Sometimes, you will see the `ggplot()` function contain the aesthetics (as shown in examples below). This means that these will be the default aesthetics that will be passed to all geom_layers. This is useful when we plot several layers together (e.g., a line plot and a point plot together).

```{r}
# More specific examples of commands incoming
#   mostly based around ggplot2 package
library(tidyverse)
library(ggplot2) # redundant, but here for emphasis

# we'll use the mpg dataset
head(mpg)

# line plot
ggplot(data = mpg, mapping = aes(x = displ, y = hwy)) +
  geom_line()

# sometimes we want to group on different categorical variables
ggplot(data = mpg, mapping = aes(x = displ, y = hwy, group = cyl)) +
  geom_line()
# but we can't tell the lines apart without color
ggplot(data = mpg, 
       mapping = aes(x = displ, y = hwy,
                     group = cyl, color = cyl)) +
  geom_line()
# ggplot is treating CYL as a continuous variable;
#   we want to avoid this
# but we can't tell the lines apart without color
ggplot(data = mpg, 
       mapping = aes(x = displ, y = hwy,
                     group = cyl, color = as.character(cyl))) +
  geom_line()

# bar chart (only uses one variable because it counts automatically)
#   IF you want to supply your own count instead, use
#   geom_bar(stat = "identity")
ggplot(mpg, aes(x = displ)) +
  geom_bar()

# histogram and 1-dimensional density visualization (and bin sizes)
ggplot(mpg, aes(x = hwy)) +
  geom_histogram()

ggplot(mpg, aes(x = hwy)) +
  geom_histogram(binwidth = 2.5)

# 2-dimensional histograms/density
ggplot(mpg, aes(x = displ, y = hwy)) + 
  geom_density2d() +
  geom_point()

# kernel density estimation
#   we use the built in smoother in ggplot for now
#   GEOM_SMOOTH()
ggplot(data = mpg) + 
  geom_smooth(mapping = aes(x = displ, y = hwy),
              method = "loess", span = 0.5)

ggplot(data = mpg) + 
  geom_smooth(mapping = aes(x = displ, y = hwy),
              method = "loess", span = 2)

ggplot(data = mpg) + 
  geom_smooth(mapping = aes(x = displ, y = hwy),
              method = "lm")

# median, quantile, quartile, interquartile range
# use ecdf() function for these attributes
#   the empirical cumulative density function
ecdf_hwy_mpg <- ecdf(mpg$hwy)
# median
quantile(ecdf_hwy_mpg, 0.5)
quantile(ecdf_hwy_mpg, seq(0.25, 0.75, by = 0.25))

# box plots
ggplot(mpg, aes(x = class, y = hwy, color = class)) +
  geom_boxplot()

# scatter plots (many plots, overplotting, correlation graphs)
ggplot(mpg, aes(x = displ, y = hwy)) + 
  geom_point()

ggplot(mpg, aes(x = displ, y = hwy)) + 
  geom_point() + facet_wrap(~cyl)

ggplot(mpg, aes(x = displ, y = hwy)) + 
  geom_point() + facet_wrap(~class)

# parallel coordinates
#   for some
long_iris_df <- iris %>% mutate(obs_id = row_number()) %>%
  gather(key = measurement, value = value, -obs_id, -Species)
ggplot(long_iris_df, 
       aes(x = measurement, y = value, 
           group = obs_id, color = Species)) +
  geom_line()

# radar plots
#   if you're interested, check out this ggplot2 extension
# http://www.ggplot2-exts.org/ggradar.html
```

Notes from the above examples:

* in the parallel coordinates example, note that we could not have plotted this without making the iris data a long dataset, where each measurement of an observation gets one row. `ggplot` enforces this structure because it makes it clear what we're studying.

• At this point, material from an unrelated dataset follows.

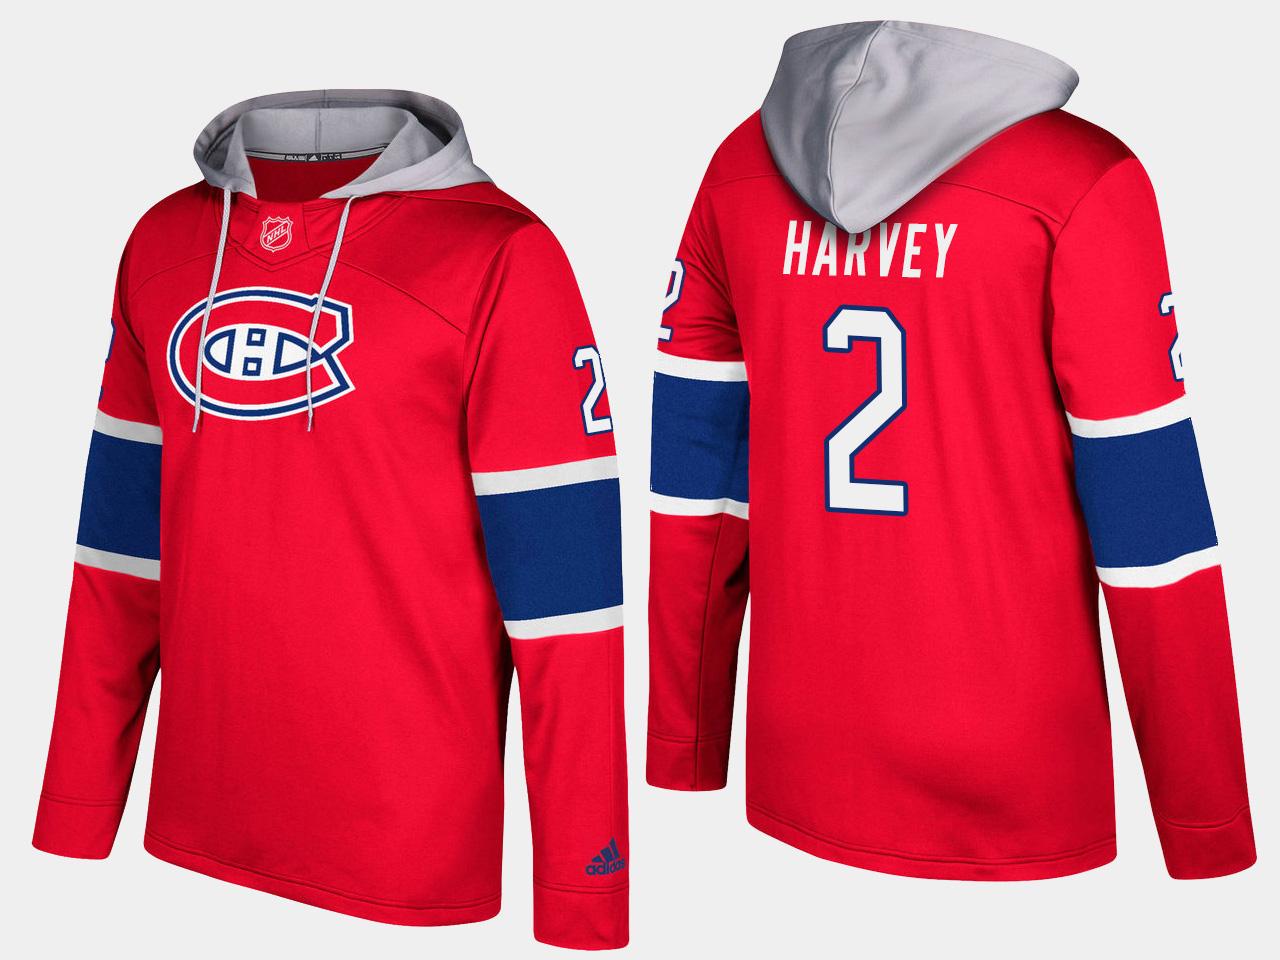 Canadiens #2 Doug Harvey Red Name And Number Hoodie

In this case, we're interested in comparing the different measurements against each other, so measurement type should be a variable (hence, row), rather than a particular description of a measurement (i.e. column). This follows the tidy data philosophy (see R4DS for more).
* when doing line plots, it can be important to specify how we're connecting/grouping our data into a line. Use the `group` aesthetic to guide this and think through this.